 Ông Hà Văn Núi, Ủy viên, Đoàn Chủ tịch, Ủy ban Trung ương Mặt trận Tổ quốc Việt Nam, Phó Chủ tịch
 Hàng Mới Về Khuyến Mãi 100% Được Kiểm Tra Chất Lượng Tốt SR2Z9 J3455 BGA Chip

...

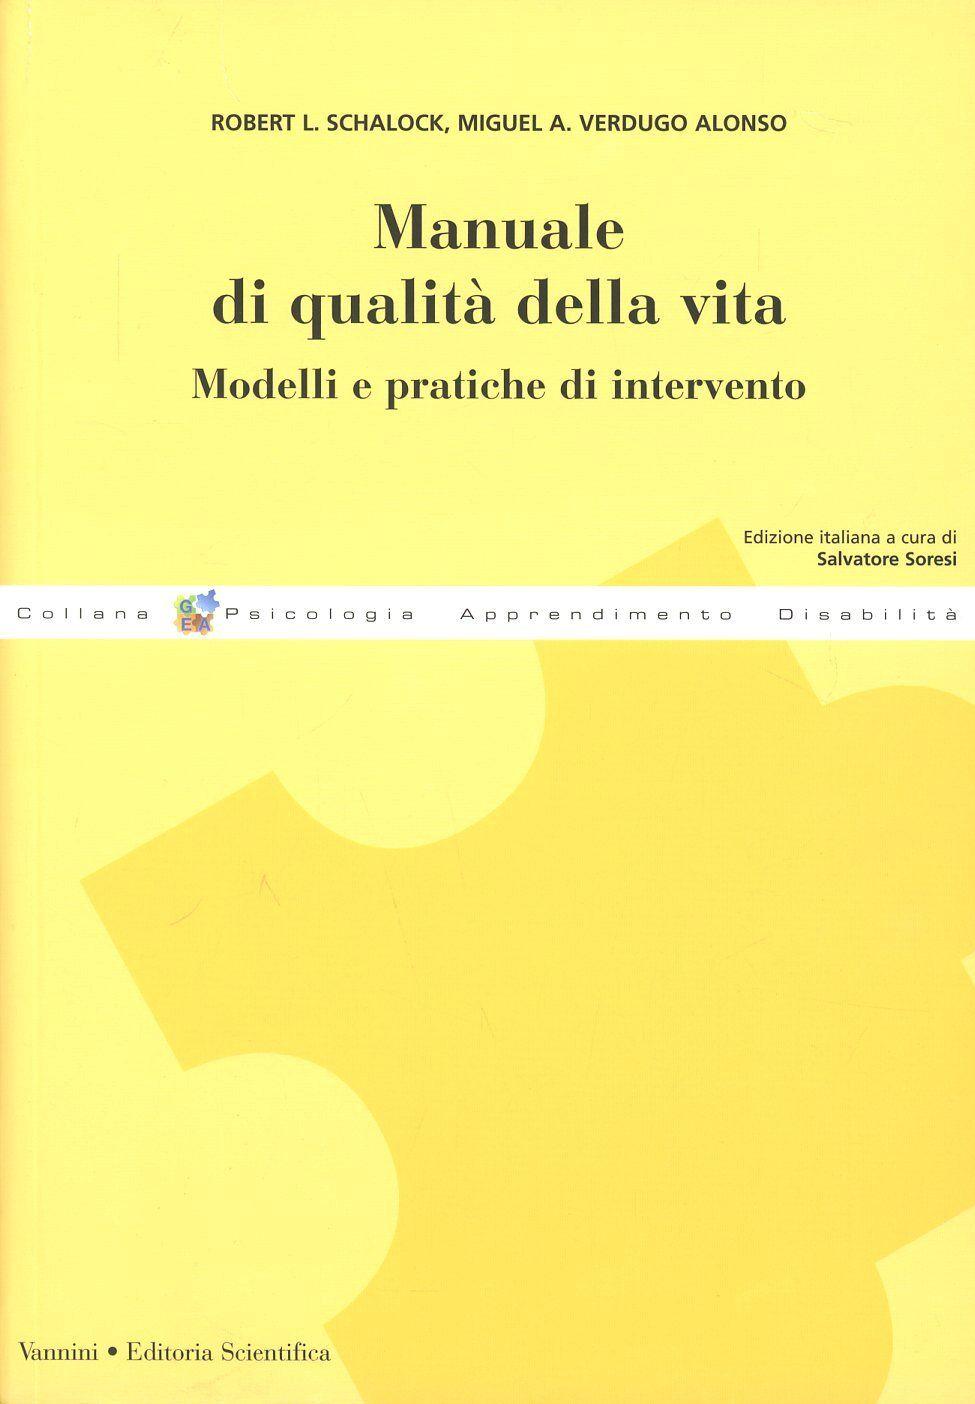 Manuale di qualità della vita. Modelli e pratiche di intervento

WHAT YOU WILL DO:
Given the data above, transcribe exactly the lines from the one containing "Ông Hà Văn Núi, Ủy" down to the one containing "Hàng Mới Về", and no others.

OUTPUT BELOW:
 Ông Hà Văn Núi, Ủy viên, Đoàn Chủ tịch, Ủy ban Trung ương Mặt trận Tổ quốc Việt Nam, Phó Chủ tịch
 Hàng Mới Về Khuyến Mãi 100% Được Kiểm Tra Chất Lượng Tốt SR2Z9 J3455 BGA Chip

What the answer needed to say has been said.